Augustine’s Italian Village (Augustine’s Pizza)
- Company type: Private
- Industry: Frozen Food
- Founded: New Castle, Pennsylvania, United States (1957)
- Headquarters: New Castle, Pennsylvania, United States
- Area served: Pennsylvania, Ohio
- Products: Frozen Pizza, Bread
- Website: www.AugustinesPizza.com

= Augustine's Pizza =

Frozen food company in Pennsylvania, US

Augustine's Italian Village, Inc. is a regional frozen food company located in New Castle, Pennsylvania, United States, part of the Pittsburgh metropolitan area. Augustine's Frozen Pizza can be found in Grocery and convenience stores throughout western Pennsylvania and eastern Ohio.

==History==

Augustine's Italian Village was started in 1957. The original site was 1909 E. Washington Street in New Castle, Pennsylvania (across from Cascade Park). Augustine's Italian Village then moved to 833 E. Lutton Street, New Castle, Pennsylvania, in 1960. On November 8, 2015, Augustine's Italian Village had a fire and lost everything. They reopened and move to 427 Commerce Avenue, which is now their current location.

Since the fire, Augustine's Italian Village no longer has a take out restaurant.

==Products==

Augustine's Pizza manufactures six products for grocery stores, convenience stores, restaurants, schools, and concession stands.

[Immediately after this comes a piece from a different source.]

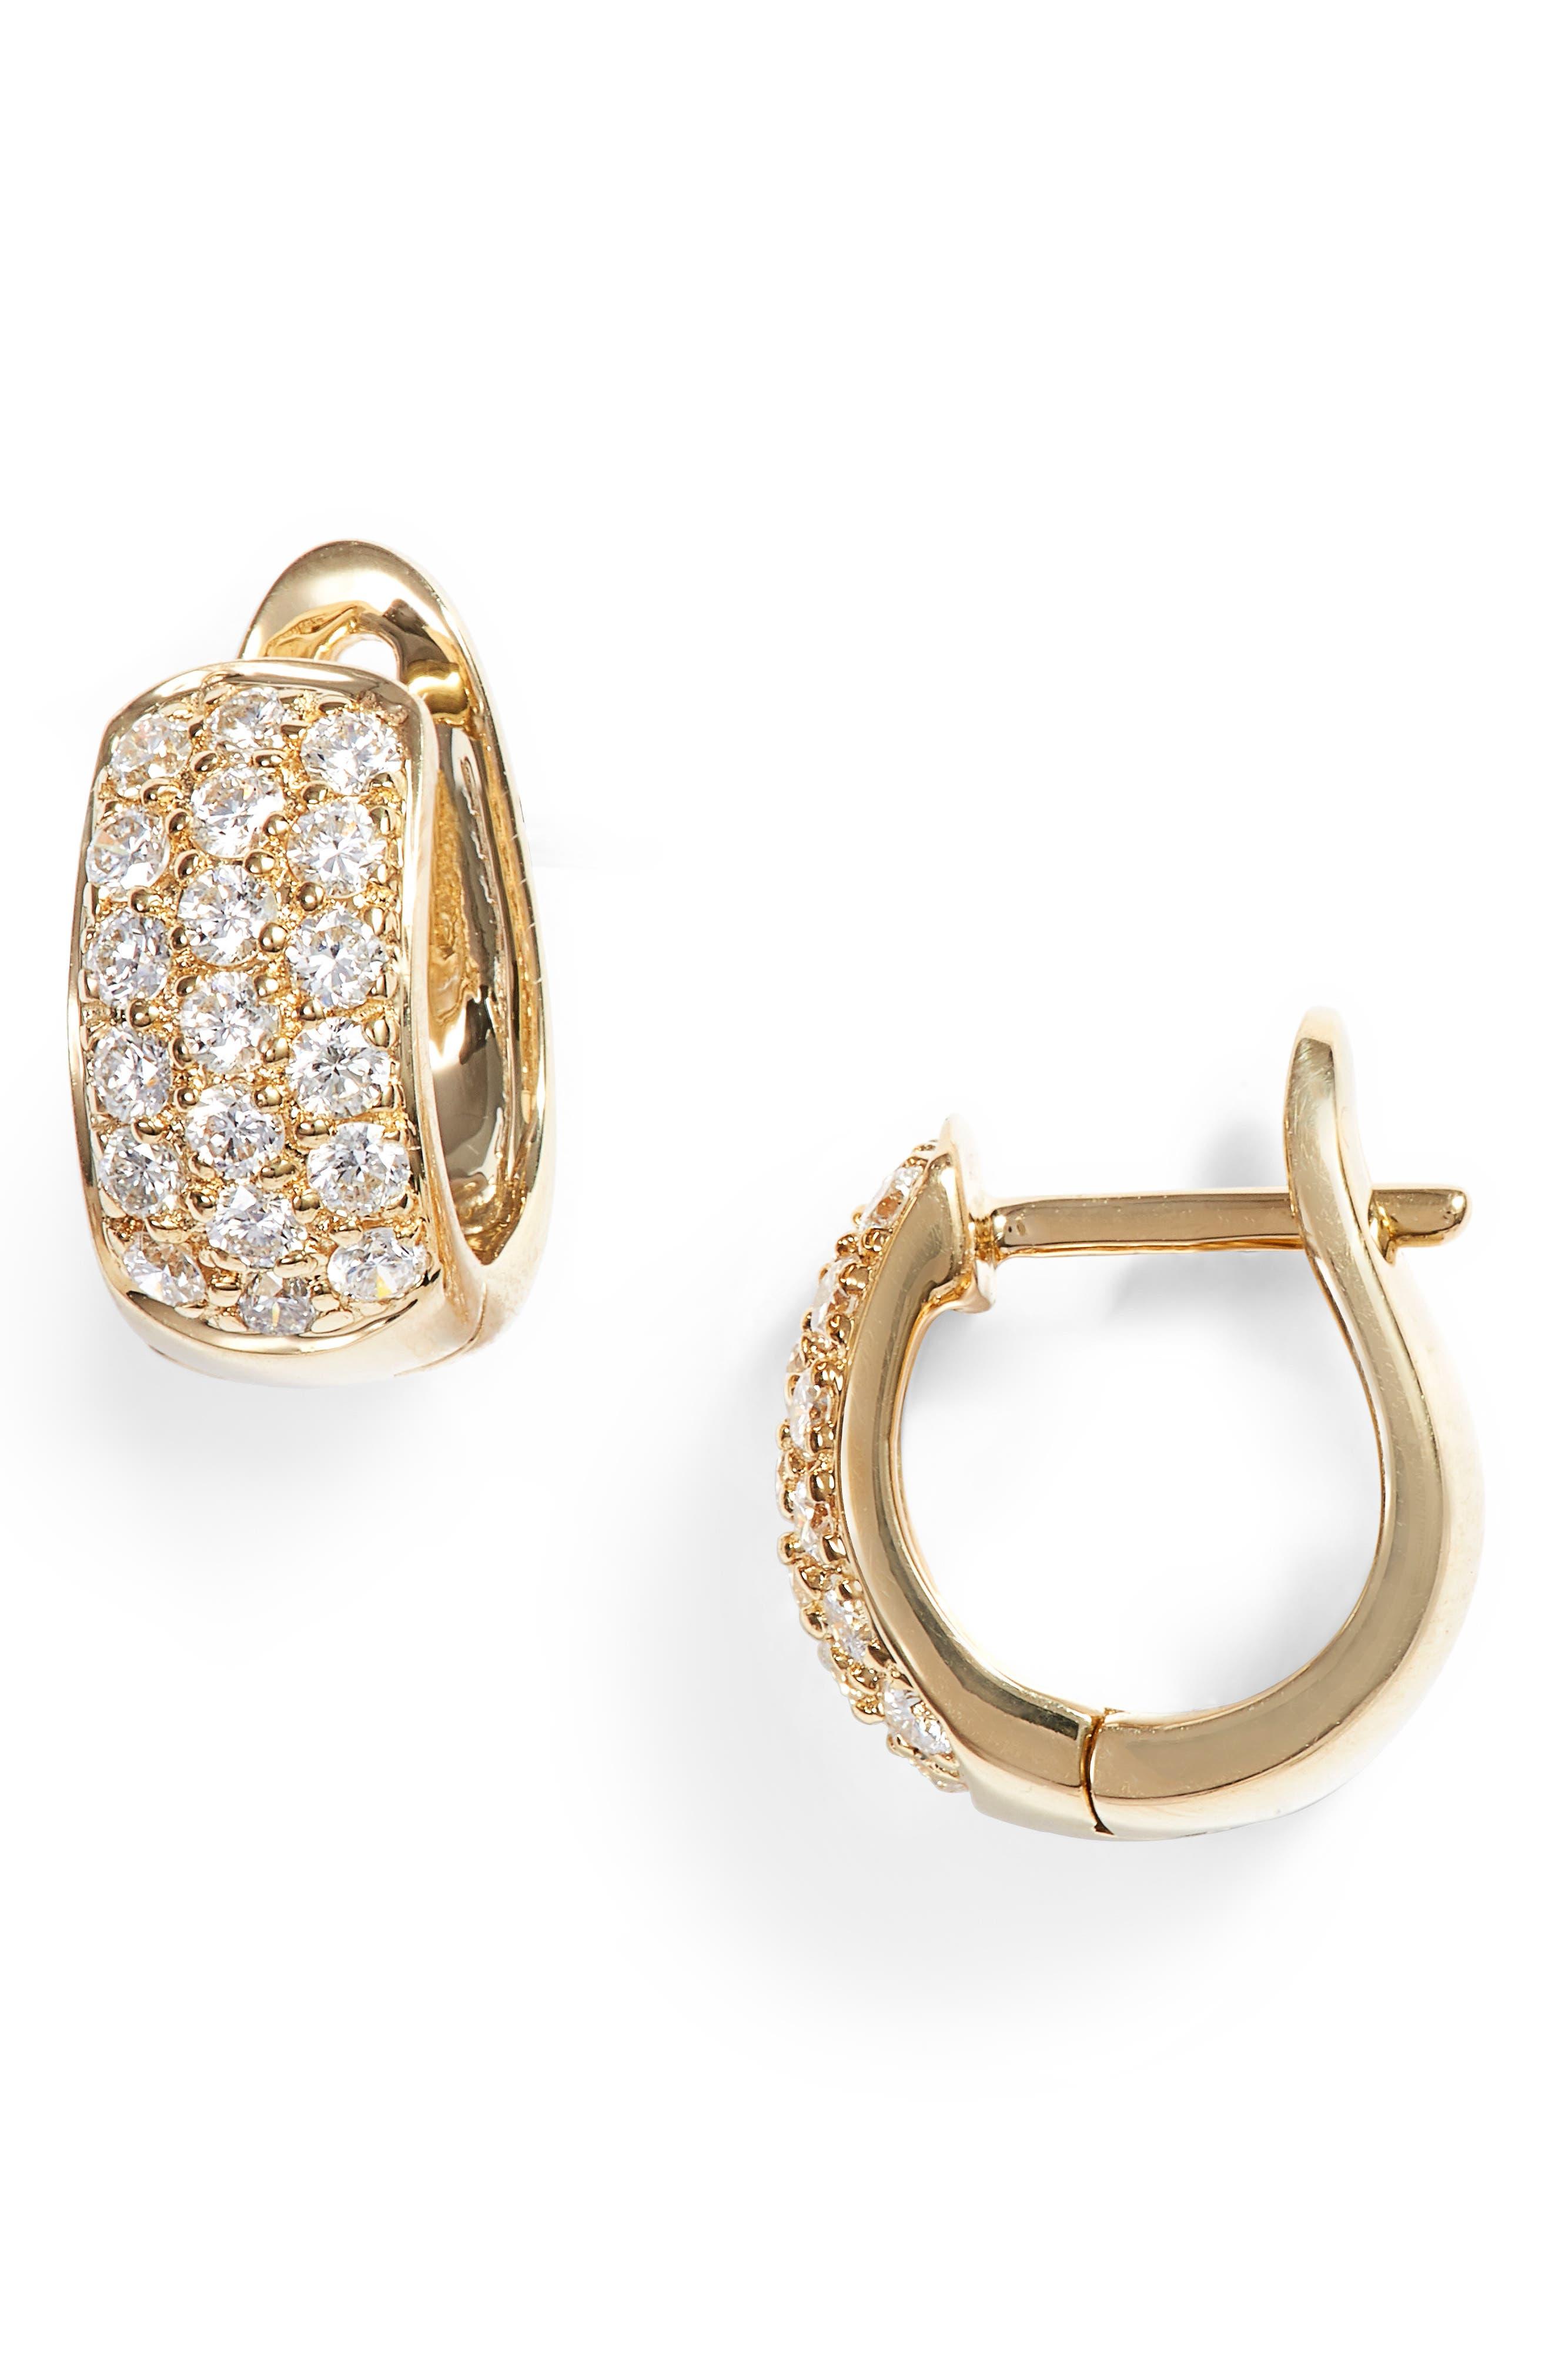 Dana Rebecca Mini Diamond Hoop Earrings

They are a 12" plain (grated Parmesan cheese) pizza, a 12" mozzarella cheese pizza, a 7" mozzarella cheese "Stadium" pizza, Syrian bread, spinach and cheese calzone, pepperoni and cheese calzone, and pizza shells.

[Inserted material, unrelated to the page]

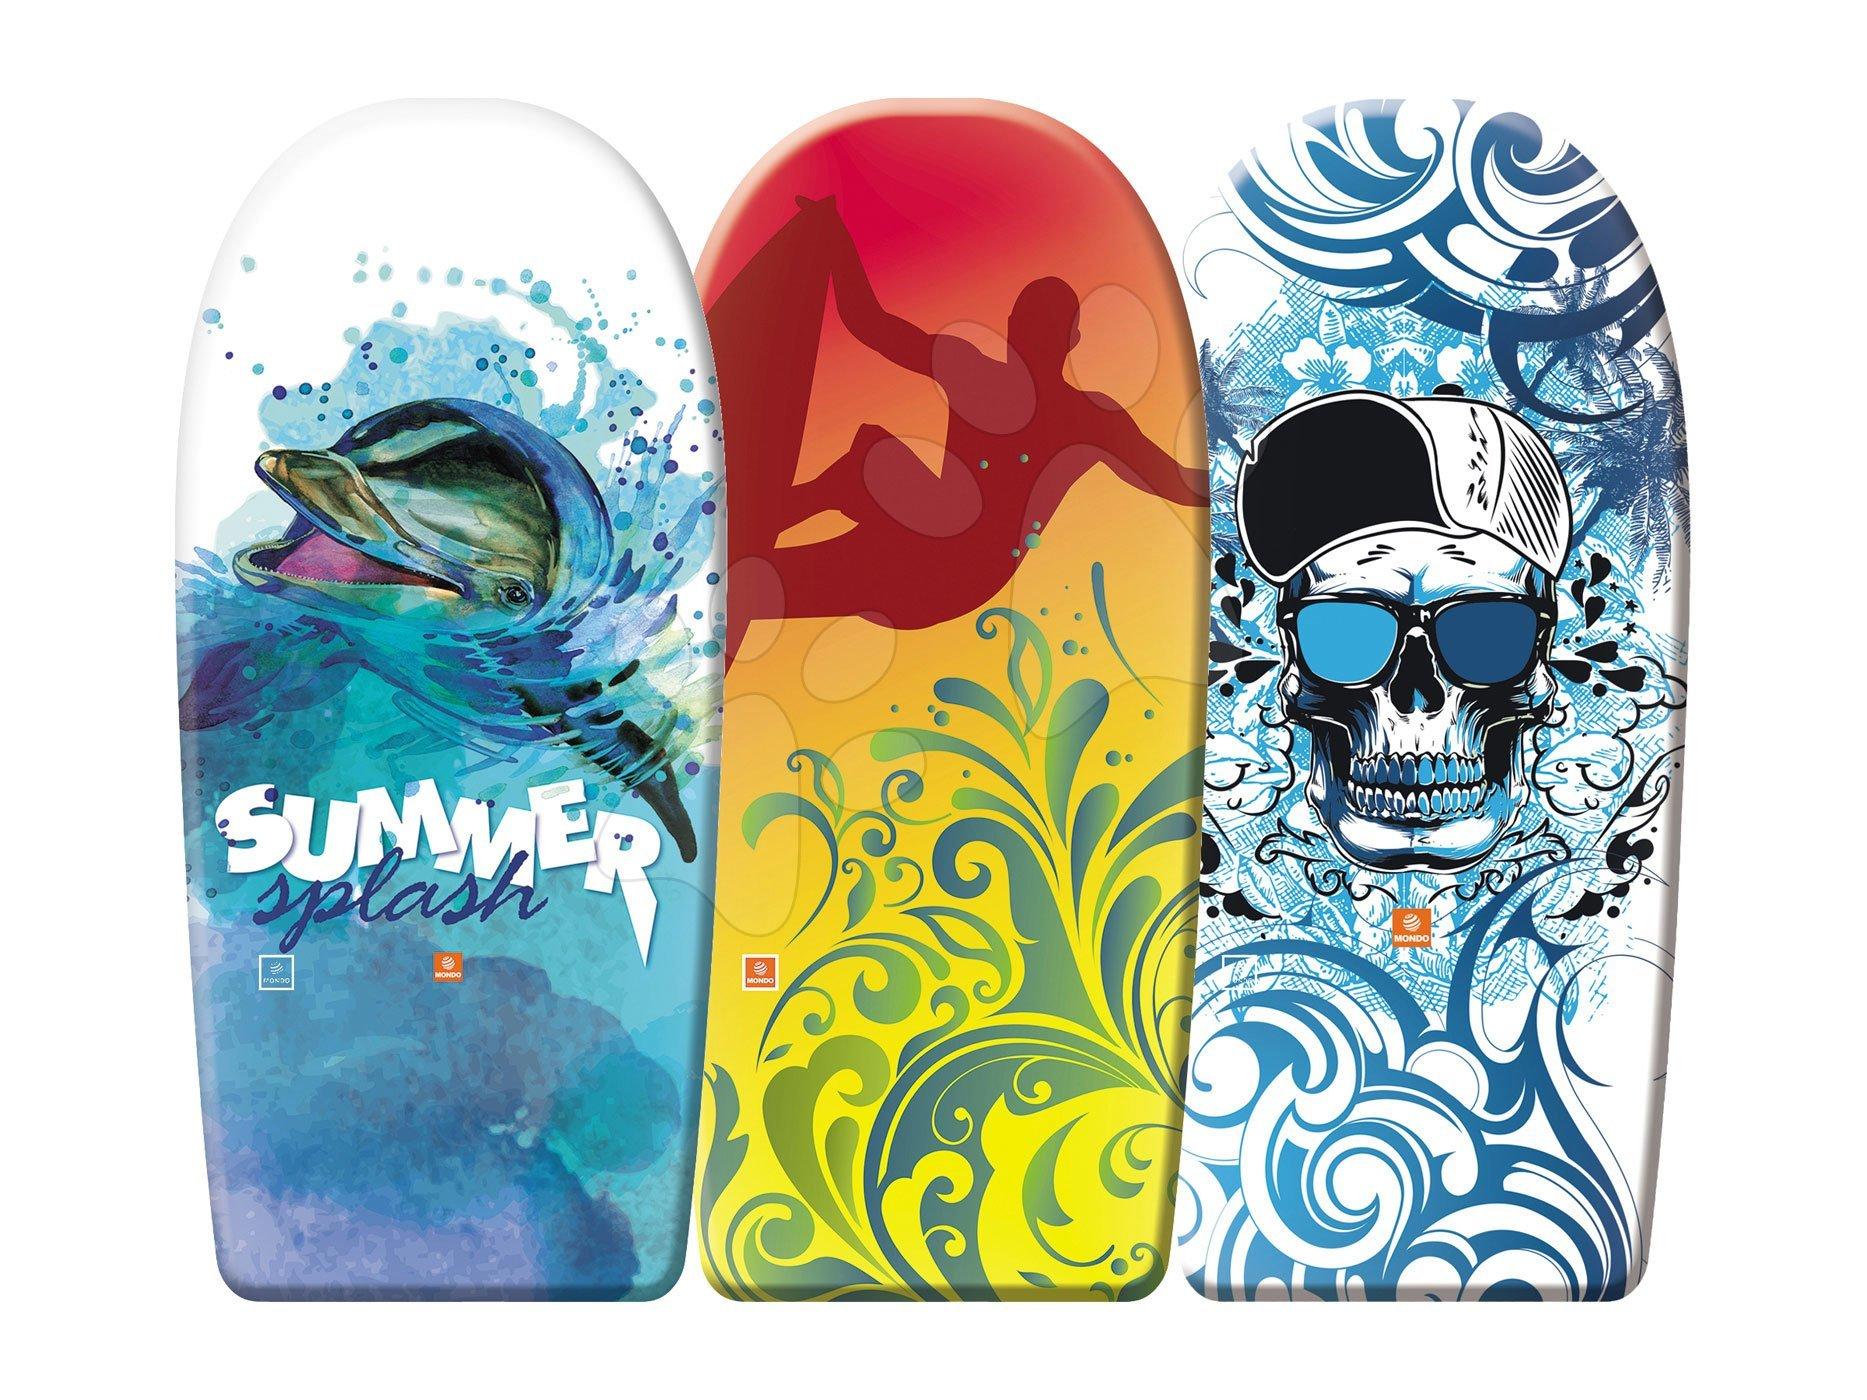 Pěnová deska na plavání Summer Mondo 94 cm, delfín/board/kšiltovka

==Advertising and sponsorship==

Beginning in the spring of 2011 Augustine's Pizza was contracted to supply Aramark concessions at PNC Park in Pittsburgh, Pennsylvania, the home of the Pittsburgh Pirates of Major League Baseball. On August 19, 2011, Augustine's Pizza sponsored a free T-shirt giveaway promotion at PNC Park, which featured Pirates centerfielder Andrew McCutchen on the front of the shirt, and the Augustine's Pizza logo on the back.